According to a report by Bloomberg, “Goldman Sachs Group Inc., Verizon Communications Inc. and Coca-Cola Enterprises Inc. are telling the world’s largest networking-gear maker that they won’t keep paying for expensive equipment, when software can squeeze out more performance and make the machines more versatile.”

Those enterprises are undoubtedly coming to grips with the limitations of the hierarchical network infrastructure. Bandwidth-intensive applications and the ever-increasing demand for speed, scalability, and resilience are too much for traditional switching architectures to handle.

Cisco Chairman and CEO John Chambers recently conceded the company is shifting its focus to "becoming solutions and outcomes-based, rather than just trying to sell routers and switches." Cisco seems to be running to hop on a train that is already leaving the station and it’s headed for SDN Station – the destination for the network of tomorrow.

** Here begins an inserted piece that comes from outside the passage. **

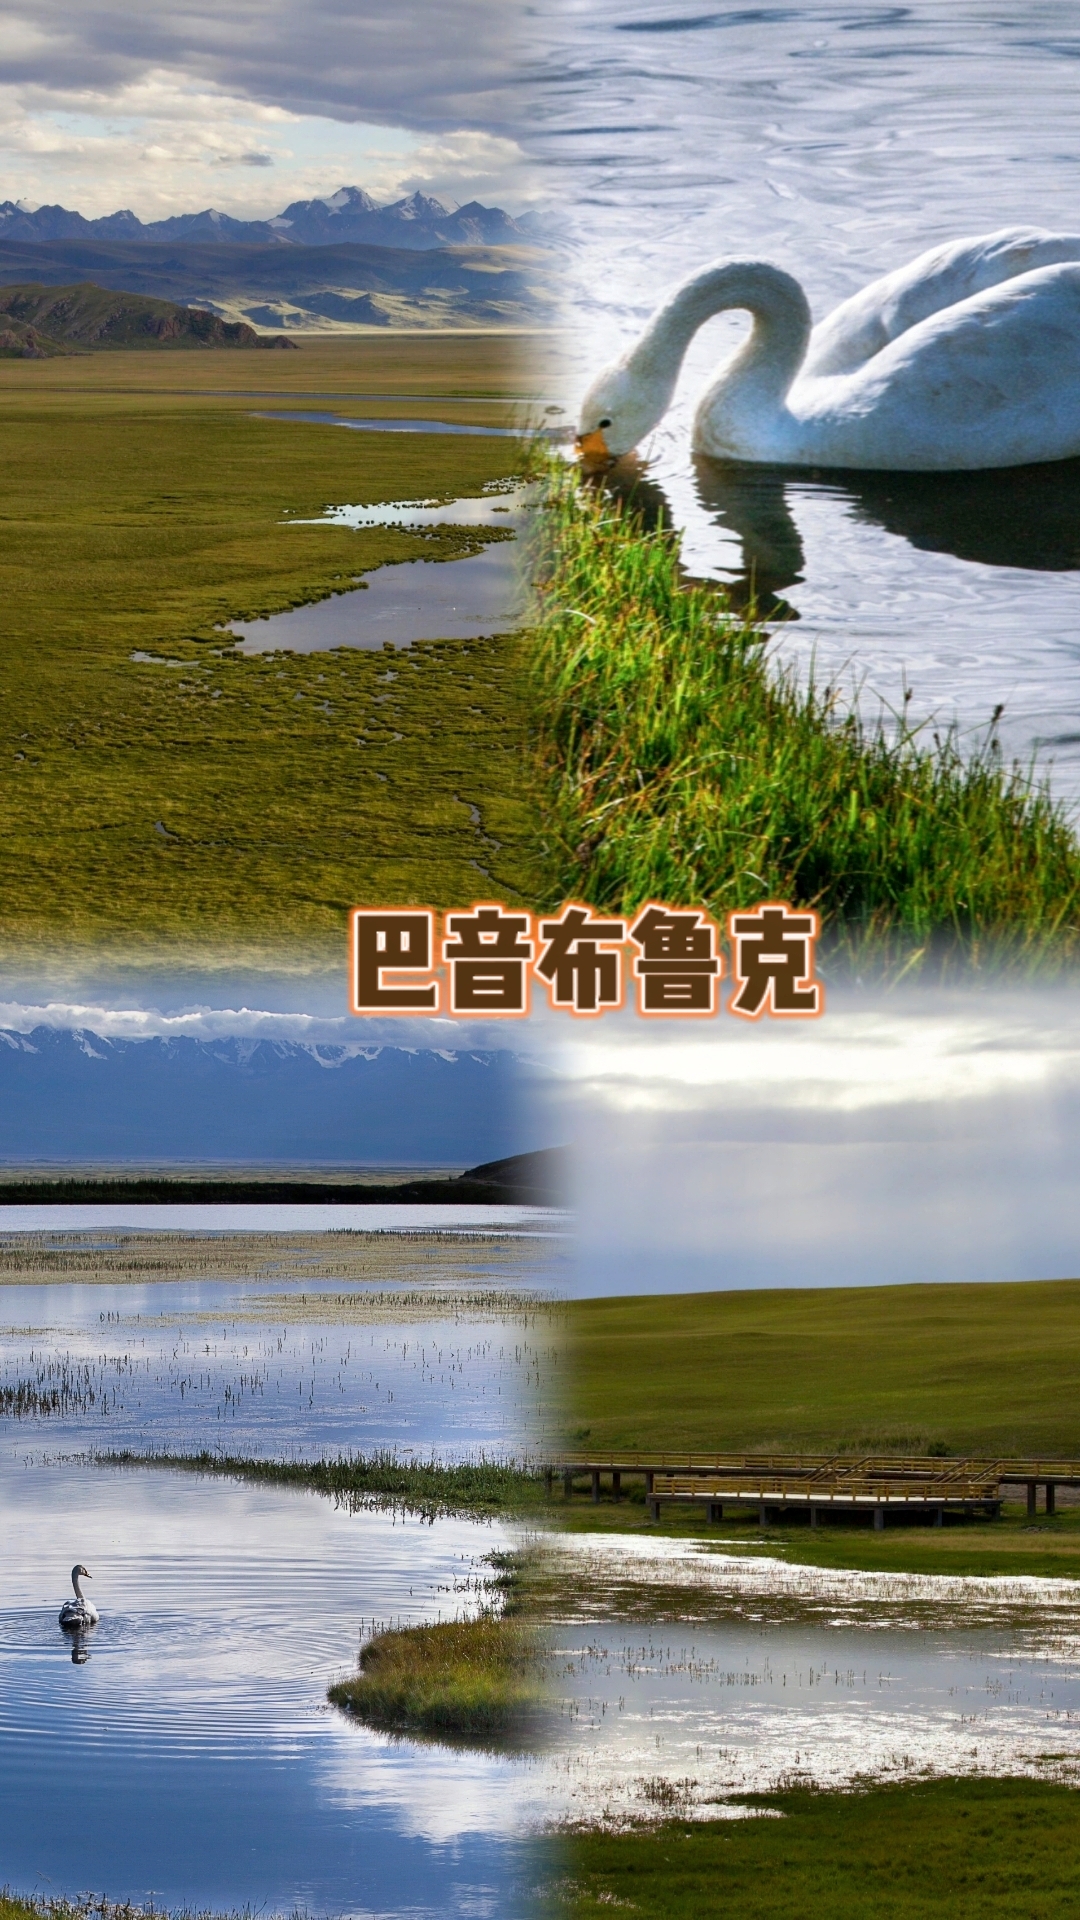 ✨巴音布鲁克草原：韩寒电影《飞驰人生》取景地就在这儿！😄 🌾这片辽阔无边的巴音布鲁克草原上，还有着清

SDN provides a variety of methods for centralizing and orchestrating policy and service definition for the network. According to Brocade, SDN offers a way to achieve the network agility required by increasingly virtualized and dynamic applications. SDN will disaggregate traditional, vertically integrated networking stacks to improve network service velocity and customize network operations for specialized environments. This represents a radical shift from dedicated hardware appliances to virtual deployment in software.

That radical shift is required to meet the challenges and reap the possibilities of what market research firm IDC calls the 3rd Platform (the first being mainframe, the second client/server). As CIO columnist Bernard Golden puts it, the 3rd Platform is “the next-generation IT software foundation” encompassing cloud computing, mobile, big data and social technologies.

Most intriguing, says Golden, “is IDC's prediction that every industry on our economy will see one-third of its top 20 companies seriously disrupted by new entrants and reinvented incumbents who deliver new offerings empowered by the third platform.”

IDC Chief Analyst Frank Gens declares that “The 3rd Platform will deliver the next generation of competitive advantage apps and services that will significantly disrupt market leaders in virtually every industry.” The competitive positioning is fierce and, he says, resulted in billion-dollar bets placed by industry players in 2013.

Given the pace of change, static network architectures won’t do the trick. Proprietary networking solutions represent big box canyons that will trap organizations and prevent them from evolving to the new software-defined reality. Open and standards-based technologies and solutions are the key to getting there, not proprietary big boxes. Can Cisco make that transition?

“In any industry, the dominant player never leads the transition," Brocade CEO Lloyd Carney recently told a gathering of federal executives. "The last person you should expect to take you to the next level of networking is the current dominant player. It has never happened in the history of technology – and it's not happening now."